Н.В. Гоголь. Сорочинская ярмаркаЭта цитата из повести Гоголя «Сорочинская ярмарка» представляет собой описание пестрой сумятицы ярмарочного дня в его обычной беспорядочности, в которой знаки теряют свои контуры и словно сливаются друг с другом. Вместо того чтобы сохранять дискретность, они растворяются в не поддающемся рациональному осмыслению хаосе и превращаются в подобие жизненного континуума.
Если рассматривать этот фрагмент изолированно, то подобная интерпретация не подлежит сомнению. Однако на фоне всей повести и других элементов повествования его характер и функция в свете ряда коннотаций предполагают более дифференцированный подход.
Это тривиальная констатация элементарного филологического постулата: тексты нельзя читать, будто они не обладают глубиной, будто у них есть только поверхностная структура, нельзя читать части текста изолированно, односторонне, в одном измерении. То есть так, как обычно делают, быстро пробегая текст взглядом и доверяясь «надежным сведениям»: лишь последние сомнения в правильности высказываний дают возможность их фальсификации и тем самым действительно углубленного понимания. Сомнения же опираются, в свою очередь, на вопросы, не имеющие однозначного ответа. В отношении гоголевского текста один из подобных вопросов мог бы звучать так: не хотел ли Гоголь этим описанием выразить свое специфическое видение мира как не выраженной в эксплицитном виде теории о взаимообратимости знака и незнака, хаоса и упорядоченности или постоянной трансформации упорядоченного состояния в неупорядоченное и наоборот, т. е. нераздельном, обоюдном взаимопроникновении порядка и беспорядка как подлинном отражении жизни, культуры и человеческого бытия? Если скрытое в вопросе утверждение обосновано, то текст передает его в такой форме, которая противоречит нашим определяемым метаязыковыми структурами представлениям о мире или же культуре, и это потому, что искусство ближе к жизни, чем теория относительно 'жизни', 'мира', которую мы пытаемся вывести из произведений литературы, искусства или явлений культуры.

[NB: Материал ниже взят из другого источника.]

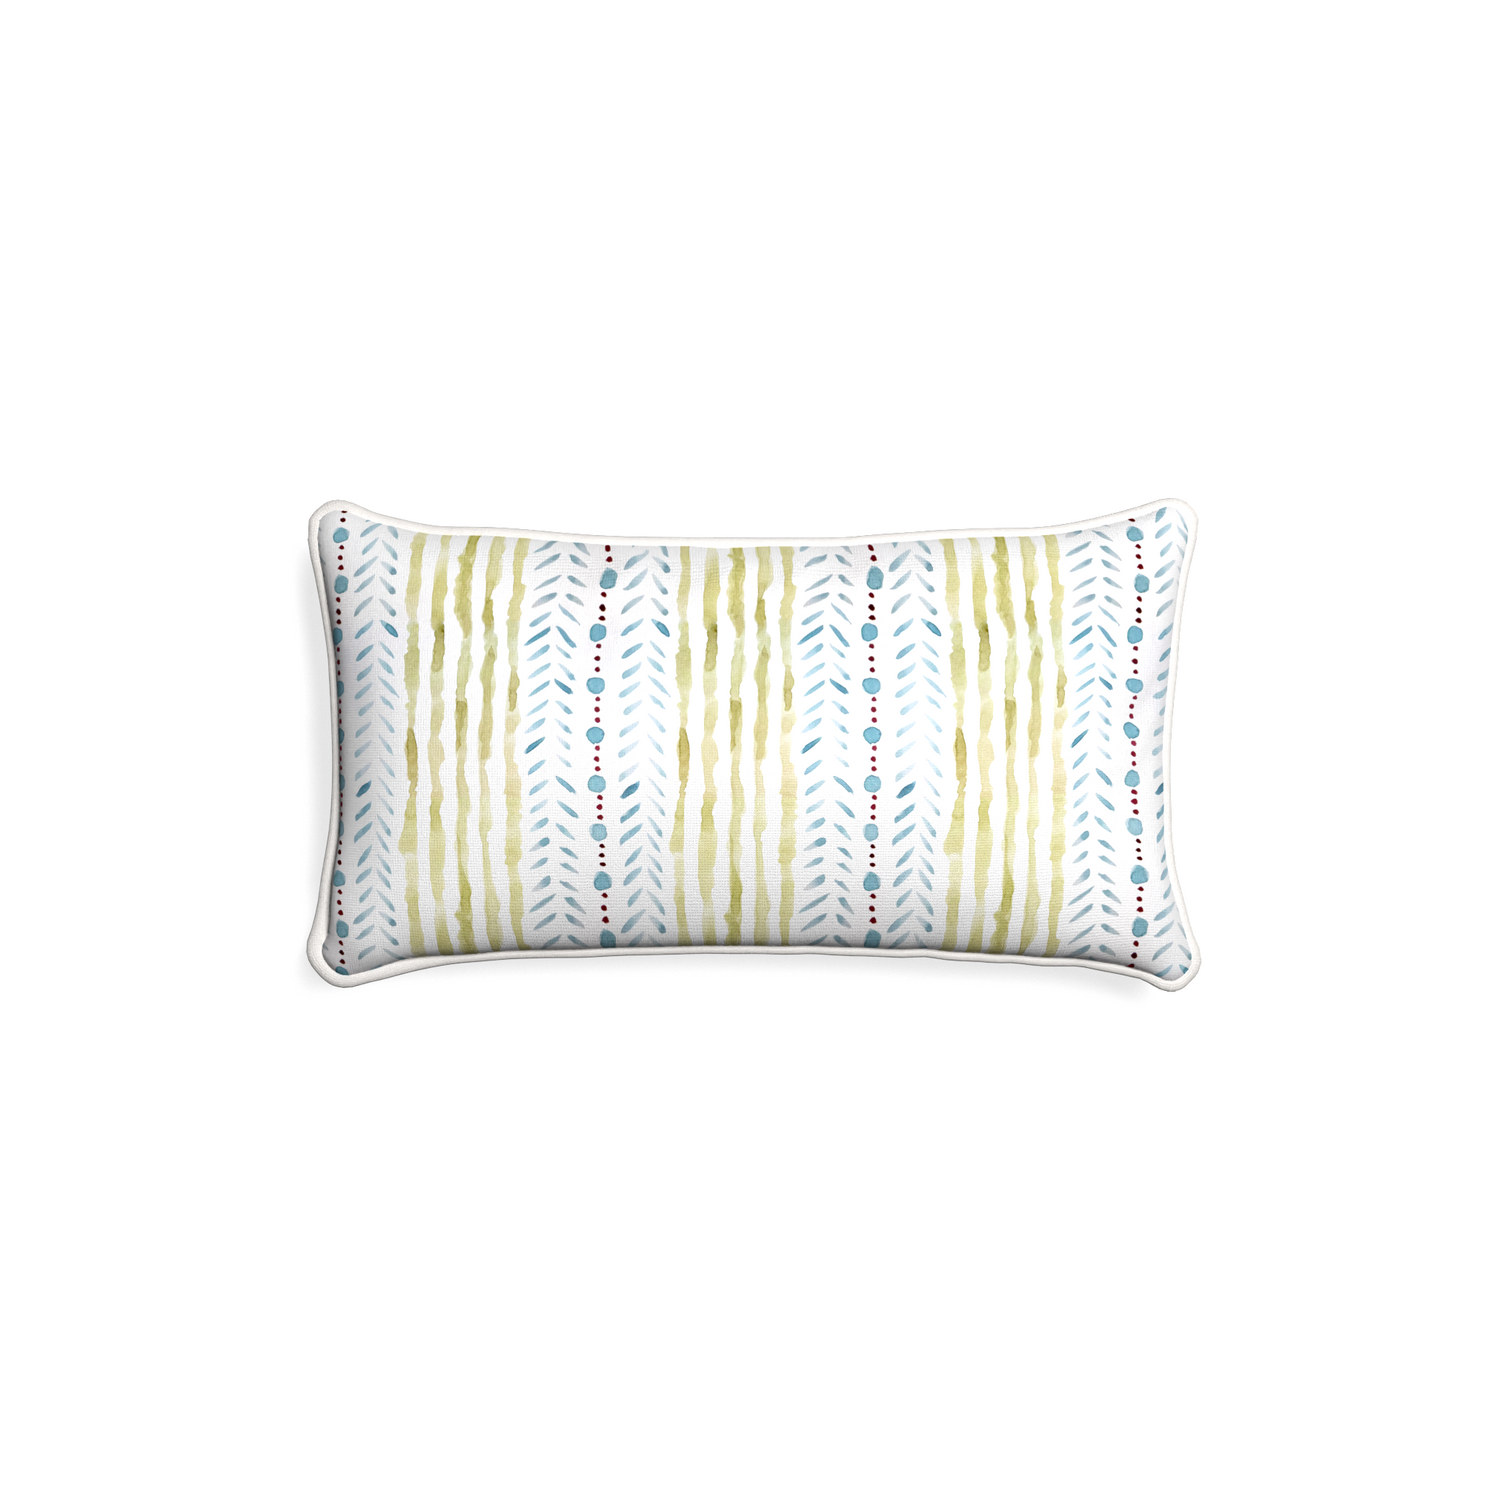 Petite-lumbar julia custom blue & green stripedpillow with snow piping on white background

Это хорошо согласуется с убеждением Гоголя, согласно которому литературные миры, несмотря на то что они опираются на сложную систему конвенций, выражают жизнь. Жизнь сама является выражением высшего божественного порядка, повинующегося собственным законам и потому не доступного сомнениям. Только дьявол способен, влияя на человека, на время «нарушить» или «изменить» этот порядок жизни.

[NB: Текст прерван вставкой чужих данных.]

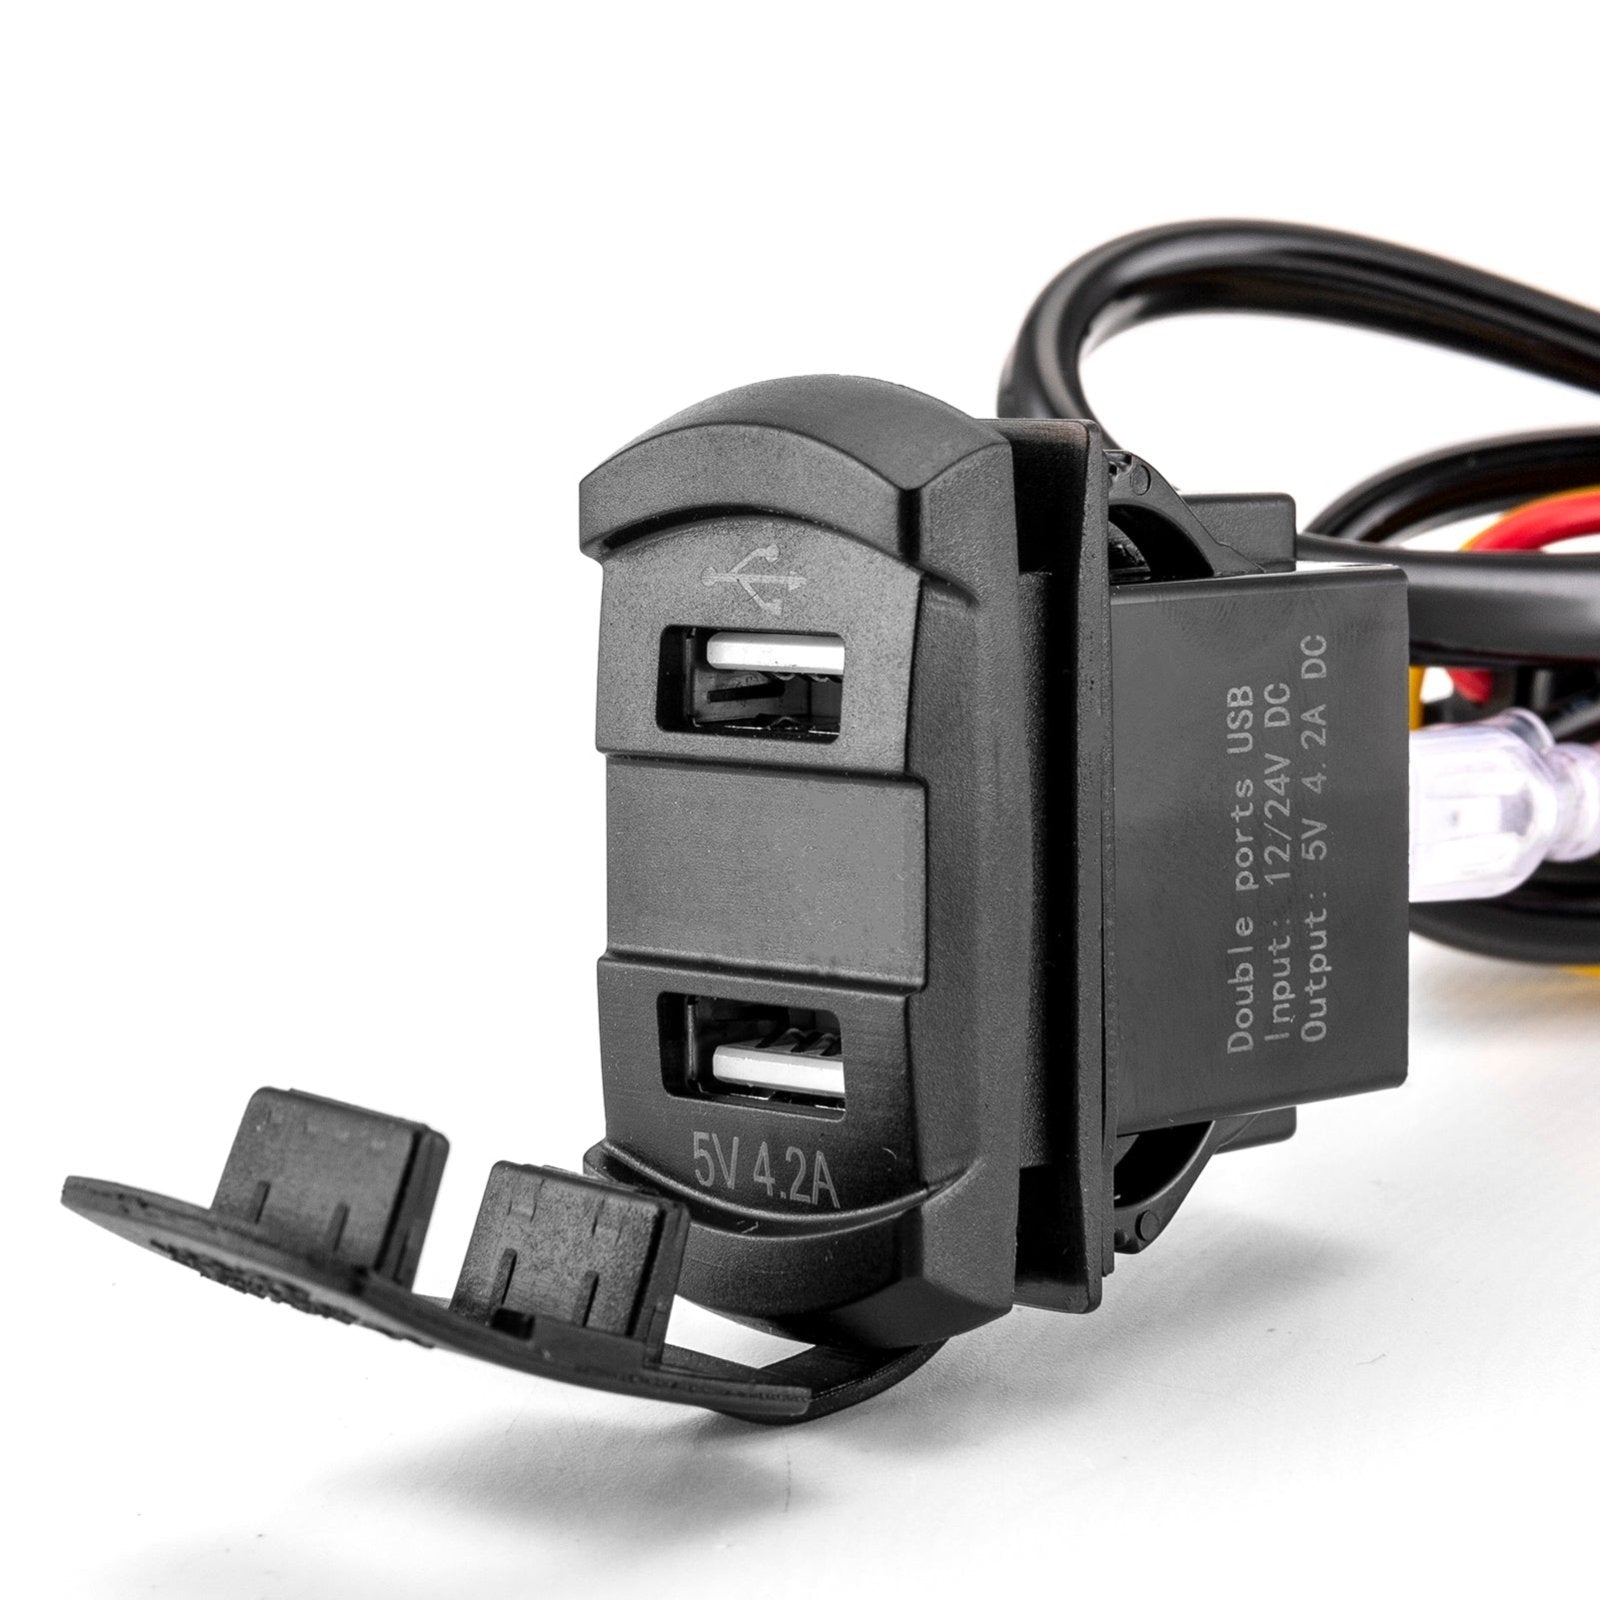 Polaris RZR PRO XP / PRO R USB Rocker Switch 12v Dual Charger Wire Harness w/ Pulse Power Bar Plug Connector - Weisen

Возвращение одного и того же было в этой системе мышления основополагающим принципом, защищающим от вторжения иного, отличного от вариации... В этом мире не было принципиальных изменений, никакого движения, никакого нового знания, никакого развития.

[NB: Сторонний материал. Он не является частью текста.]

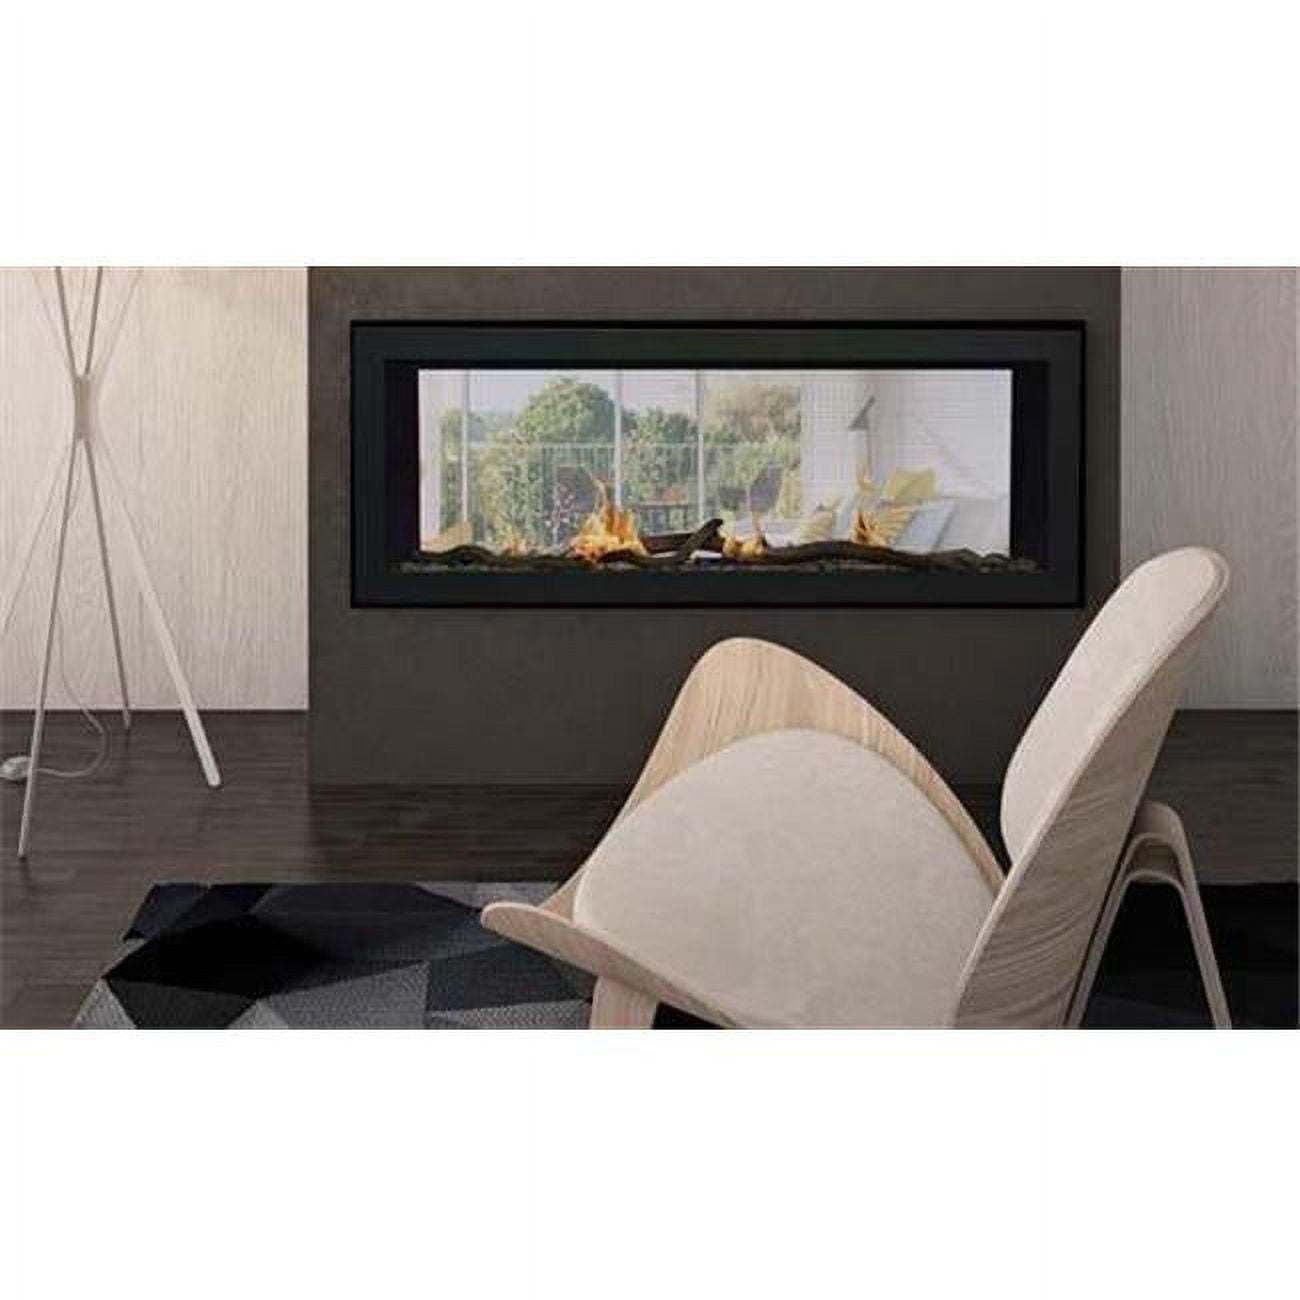 Emerson-48-deluxe-ng 48 In. See-thru Emerson Deluxe Linear Direct Vent Gas Fireplace - Natural Gas

Глядя на нас, культурологов, специалистов по семиотике -или как нас еще назвать - Гоголь мог бы воскликнуть: «Черт побери, нет для вас ни бога, ни мира. Все, чем вы занимаетесь, -чертовщина, сатанинские козни. Вы хотите упорядочить мир, чтобы лучше его понять, но чем больше порядка вы, как вам кажется, находите, тем больше неизвестности перед вами будет открываться. Иначе говоря: вам никогда не удастся ни познать, ни понять мир до конца». Нечто в этом роде мог бы сказать Гоголь, который не только выразил в художественной форме семиотические трансформации в пограничной области между порядком и беспорядком, культурой и хаосом, но и был озабочен вместе с этим, пусть и в скрытой форме, вопросом о «месте» человека в мире и возможностях человеческого познания, т. е. о пределах познавательных возможностей человека.